For nearly two centuries Noongar language has adapted to the impacts of colonisation and survived government reserves and missions, where it was also forbidden for Noongar people to speak our language. Noongar language has also been adapted into the local English vocabulary, notably with places, plants and animals. Consisting of 14 different dialects, Noongar is an oral language and the spelling of it is variable.

Noongar Prayer
Ngaala Maaman Waangk
 
Ngaala Maaman ngiyan yira moonbooli Moodlooga.
Kooranyi noonak korl. Noonak waangk, yoowarl koorl,
birdiyar ngaala boodja noonook woorn noonak kooranyi kaalak.
Nyinyak ngaalang nidja kedela ngaala mereny.
Nyinya nyinyak ngaalang ngaala wara waarniny.
Ngaalak nyinya nyinyak, baalang ngiyan waarn wara ngaalang.
Yoowart koorl ngaalang moort-moort djooroot. Maaman maar barang ngaalang, Noonak waangk birdiyar. Noonak moorditj, noonook ngaangk yira.
Kalyokool, kalyokool.
Kaya
FATSILC, The Federation of Aboriginal & Torres Strait Islander Languages & Culture (Corporation)

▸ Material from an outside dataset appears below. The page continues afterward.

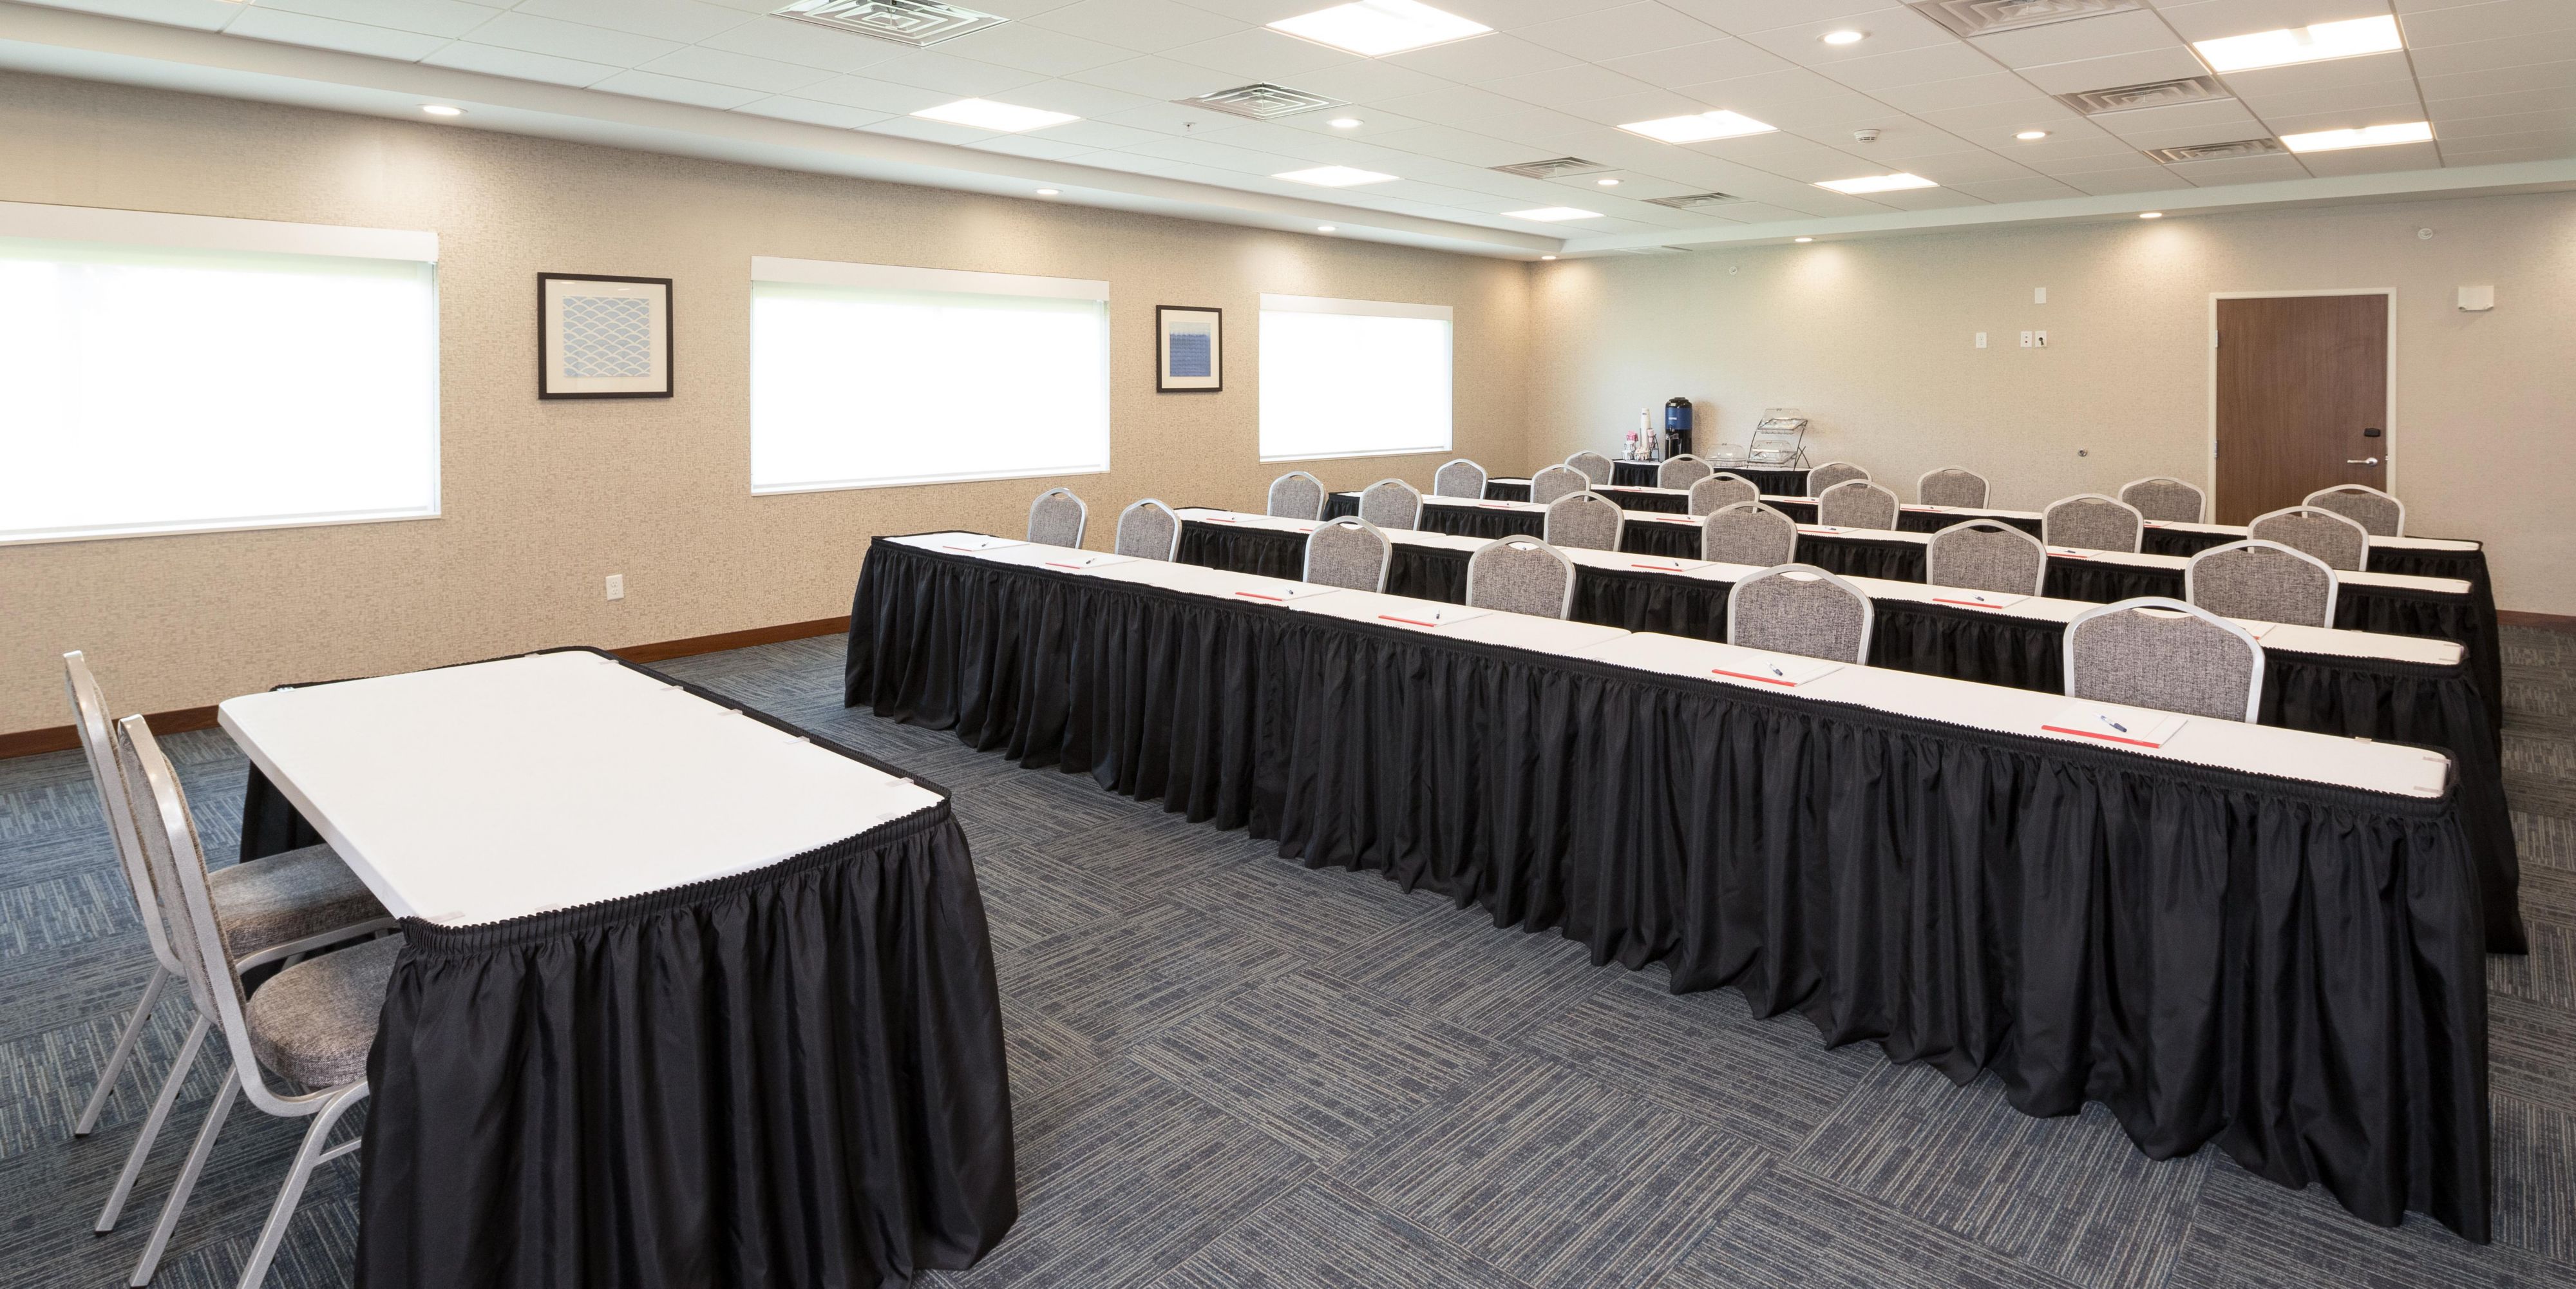 Our 1200 Sq Ft Meeting Room is perfect to hold business meetings or specials events. Please contact the hotel for details, pricing and availability.

Here are some Noongar words for you to practice.

marlee – swan, beeliar – river, boorn – wood/tree, nyingarn – echidna, koorlbardi – magpie, kitje – spear; koornt – camp, balga grass – balga tree

Noongar people also have many names for places and towns throughout our boodja. Some well known places in Whadjuk boodja are: Wadjemup, now known as Rottnest Island; Ngooloormayup, now known as Carnac Island; Meeandip, now known as Garden Island; Gargangara north of Armadale; Goolamrup, now known as Kelmscott; Dyarlgarro Beelya, now named the Canning River; and Derbal Yiragan, the Perth estuary waters.  Some Noongar place names and their meanings are in Noongar Wangkinyiny.

A lot of the Nyungar history and culture have come from word of mouth from our Nyungar elders.
Craig McVee in van den Berg, Collard, Harben and Byrne, Nyungar Tourism in the South West of Western Australia, Murdoch University, 2005

The late Tom Bennell (Yelakitj), shared this story about moort (family) relationship names and how moort would have wangkiny (talked) with each other:

Deman is the name for Grandmother and Dembart is the name for Grandfather. I say dembart yaarl koorl – Grandfather come here or deman yaarl koorl – Grandmother come here. She is saying this to the daughter of her daughter. Wort koorl deman, that means go away grandmother.

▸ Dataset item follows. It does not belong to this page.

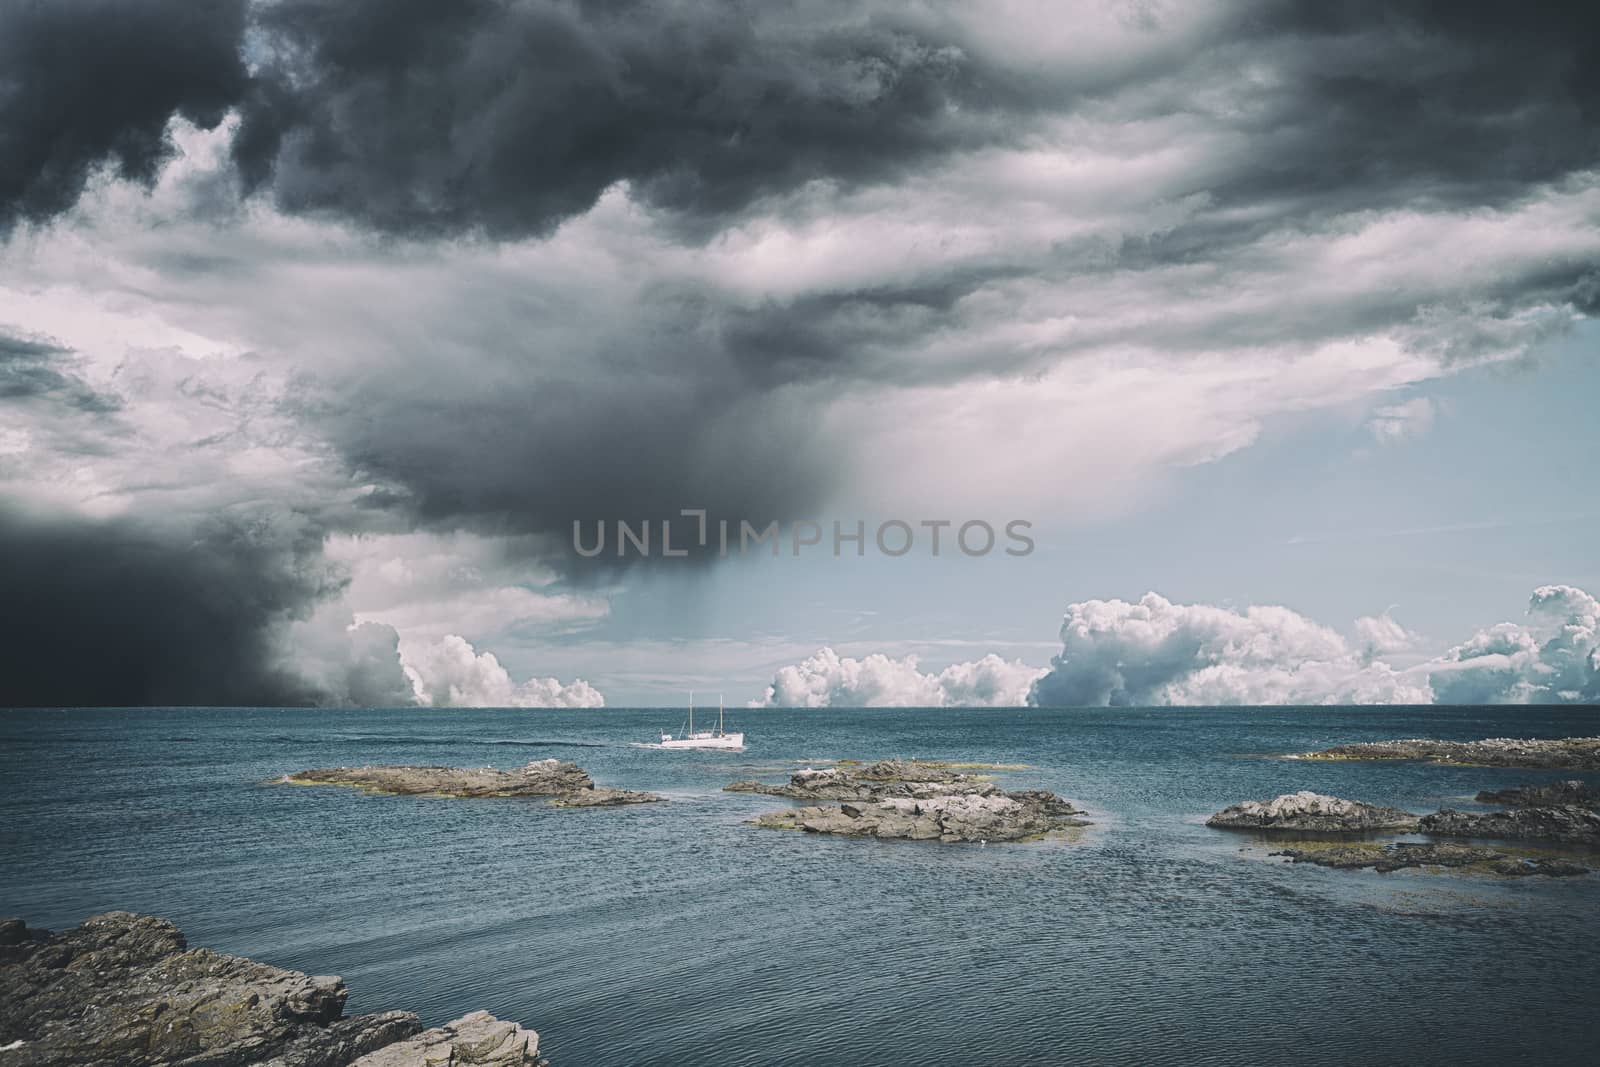 Small boat in dramatic cloudy weather on the sea sailing close to cliffs on the shore

They might go to some of their other relations, they don’t call them uncles they call them konk and their brother-in-law they call them ngoorldja. They call their brother ngoony and sister djook. A child is called a nop. A maam (man) calls his yok – koorta. Koort is heart. Cousins well they call them same – grandfather, same as their cousin, dembart.
Noongar Elder Tom Bennell in Collard, Harben and van den Berg, ‘Nidja Beeliar Boodjar Noonookurt Nyininy’ website, 2004

Dialects

In the late 1930’s, anthropologist Norman Tindale identified 14 language groups within Noongar country: Amangu, Yuat, Whadjuk, Binjareb, Wardandi, Balardong, Nyakinyaki, Wilman, Ganeang, Bibulman, Mineng, Goreng, Wudjari and Njunga [i] See Noongar Explained more information. More current is Horton’s map of Aboriginal Language Boundaries.[ii] It differs slightly from Tindale’s in that Horton removed the boundary between Wudjari and Njunja on the south coast near Esperance and named the group Wudjari.  Click on the link to view Horton Map.

The main difference between the Noongar language groups is pronunciation, but because the groups are geographically and ecologically distinctive, there are also regional vocabularies. Some words may only be known in one region of Noongar country, particularly plants, which are unique to the local climate and soil type. Overall there are many common words in Noongar, for example: kaya = hello, moort = family, boodja = country and yongka = kangaroo. These words are used everyday but they sound slightly different from region to region.

But of course with the Nyungar culture we are basically all the same but there are some differences with regards to our language. And of course you know you have to have your language because the language that I refer to might not necessarily be the language that other Nyungar people refer to. But it is Nyungar language and not many people realise that this is the case.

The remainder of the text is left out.